第三章(第2/38页)

“行,行,您家去等着吧!”

李奶奶摸索着开门出去了。

她赶紧跳下床,插了门,翻出件连衣裙穿上,匆匆地刷牙洗脸。

不久前,派出所的人召开了居民大会,通告说某某化学研究所丢了两大瓶氰化钾。一瓶三公斤。两瓶六公斤。希望每一个居民提供盗犯的线索……

后来传说,盗犯给公安局写了一封匿名信,六公斤氰化钾,将于三日内全部投放到自来水公司的蓄水池里……

于是全市掀起抢购的疯狂。从瓶装的汽水到大宾馆大饭店里的高档易拉罐饮料。小商小贩趁机大发不义之财。一瓶汽水两元三元。一听橙汁十五元。银行储蓄所门前排起长队。人们提取了现金就往冷饮店奔。整箱的啤酒整箱的汽水整箱的“水蜜桃原汁”、“椰子原汁”、“雪碧”、“可乐”什么的,用自行车往家驮,雇了三轮平板车往家运,甚至动用公车……那些日子家家户户不敢拧开水龙头。家家户户吃面包香肠。大人喝啤酒。小孩子儿喝饮料。男人女人不洗脸。脏得看不过去,就全家集体到海边洗一次。海滨公园每天早晨和晚上洗脸洗澡的人数以万计,成为一景……

公安局并没辟谣。可也没发出什么“告全市人民书”通知可以喝自来水。自来水厂周围军警密布,日夜戒备森严,倒是真的。

后来又传说匿名信并非盗犯写的,而是一个精神病患者写的……

于是许多花光了存款的人聚众闹事,在那些大发不义之财的小商小贩身上出气,打得他们头破血流,折胳膊断腿。还砸了几家趁机销售过期饮料的国营商店……

盗犯究竟逮住没有,以及他为什么不盗别的,专盗氰化钾,至今谁也不知道。

婉儿一边对着镜子描眉涂红嘴唇一边想,大概在公安局和全市人麻痹之后,那盗犯终于得逞,全市人发觉都已中毒了吧?

可她又感到自己没有丝毫中毒的迹象。兴许是平均了,每个人摊上的含量太少,慢性中毒?以她从电影和电视中获得的常识,氰化钾中毒那是立竿见影的啊!

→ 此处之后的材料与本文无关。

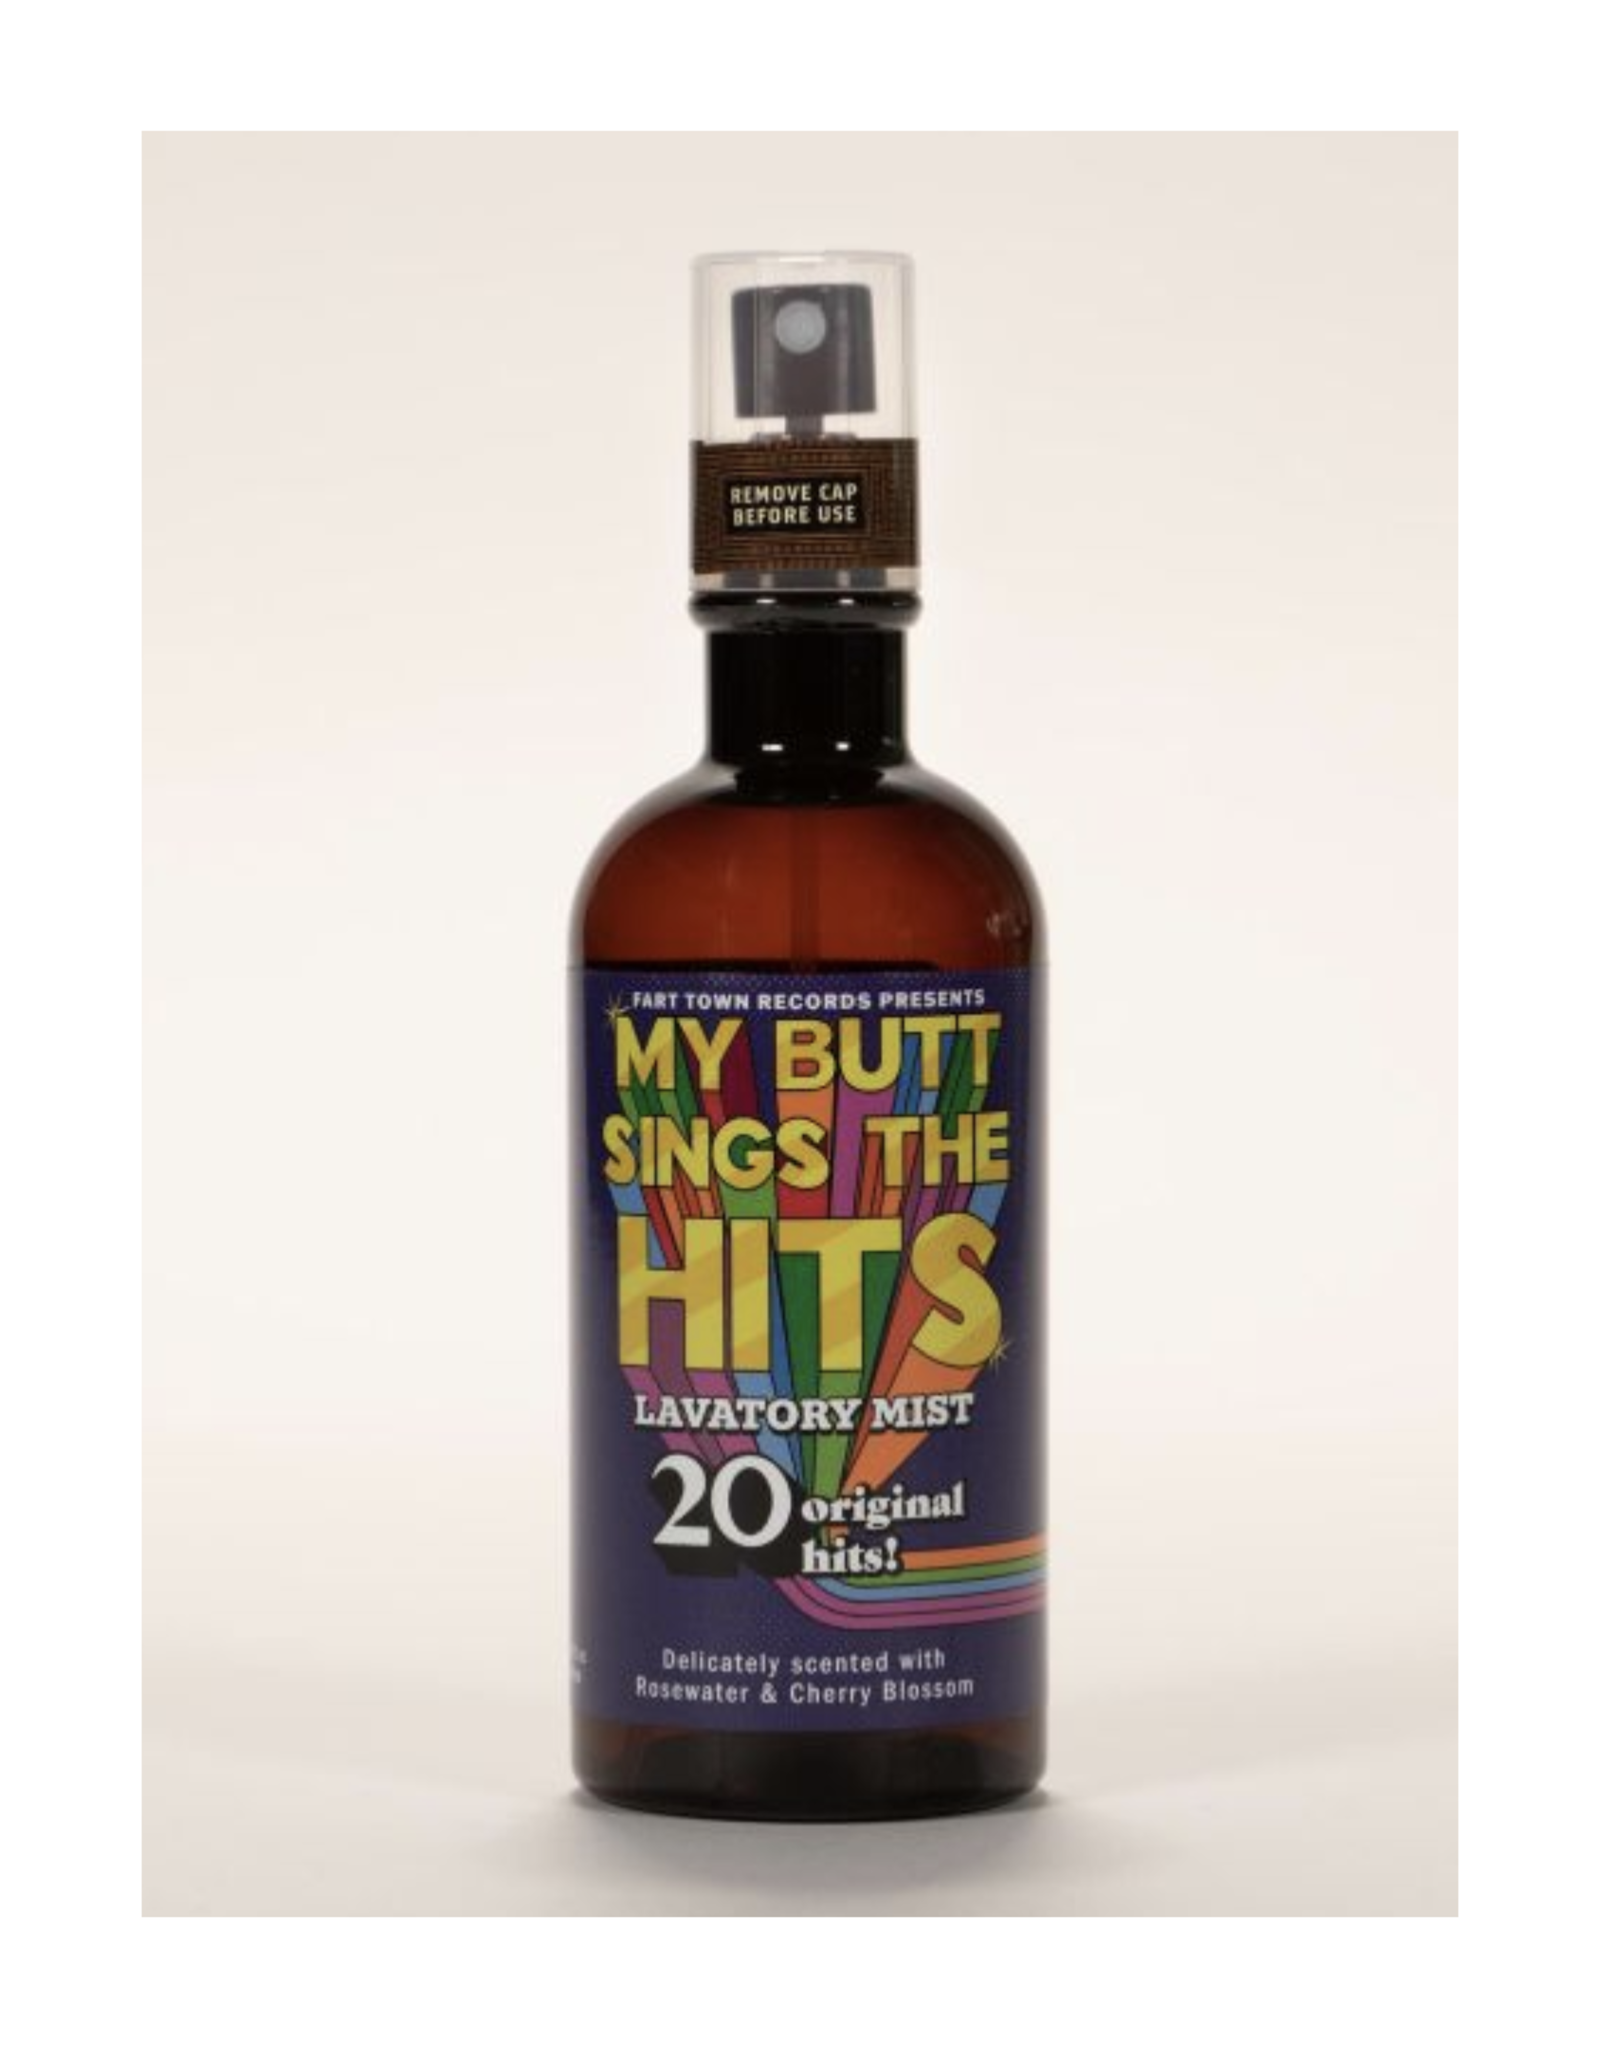 My Butt Sings the Hits Lavatory Mist

有什么呀,不就是个死嘛。姑娘我死到临头也得打扮漂漂亮亮的。趁这会儿还没死,再享受一天青春才是真格的!

她对镜子里妖媚的自己飞了个洋味儿十足的吻,离开家,从从容容下了楼。

楼前,几个老女人聚头聚脑议论什么,见了她,都挺客气地跟她打招呼。开放和不开放就是大不一样。若从前,人们一定歧视她。如今人们非但不歧视她,还对她另眼相看。有时还向她换外汇。有时还善意地说:“要是碰到了个真心实意的,就跟着出去吧!”或者关心地问:“你打算去美国呀,还是想去日本呀?英国男人稳重。法国男人轻浮。千万别找法国男人!”

就凭这一点,她也打心眼里拥护开放。但对改革丝毫不感兴趣。

街口小饭馆的主人,六十多岁的孟祥大爷,立在门口望天,见了她,招呼道:“姑娘,还没吃早饭吧?我这儿有包好的馄饨,给你下一碗?”

他原是大饭店的一级厨师,前几年该退休的时候,饭店不放他。也有家合资的饭店打算高薪聘他。他却十分固执。想留的留不住他。想聘的聘不去他。自己租下了三十多平米一间临街的门脸儿,扩建修缮一番,开了这个小饭馆。他对别人解释他的想法——当了一辈子师傅。一级也是师傅。想当几年老板。饭馆不大也算是老板。老了老了,换个活法,兴许活得新鲜,能多活十年八年的。毕竟是大饭店的名厨师,各方各面,熟人多。红烟护其左,紫气舒其右。经营得挺红火。每月纳税后,千多元的进项。买了辆苏联进口的“乃兹”小汽车。自己坐的时候有限,一条街上的人办什么急事儿,却差不多都坐过了。给钱,他收下。不给,也不计较。别人说,他买这车,快成一条街的公车了,不如不买。他说,这辆车替我维下了一条街的人缘。死了,有人在世间念我几句好,我在阎王爷面前也有得意处。人过留名,雁过留声嘛!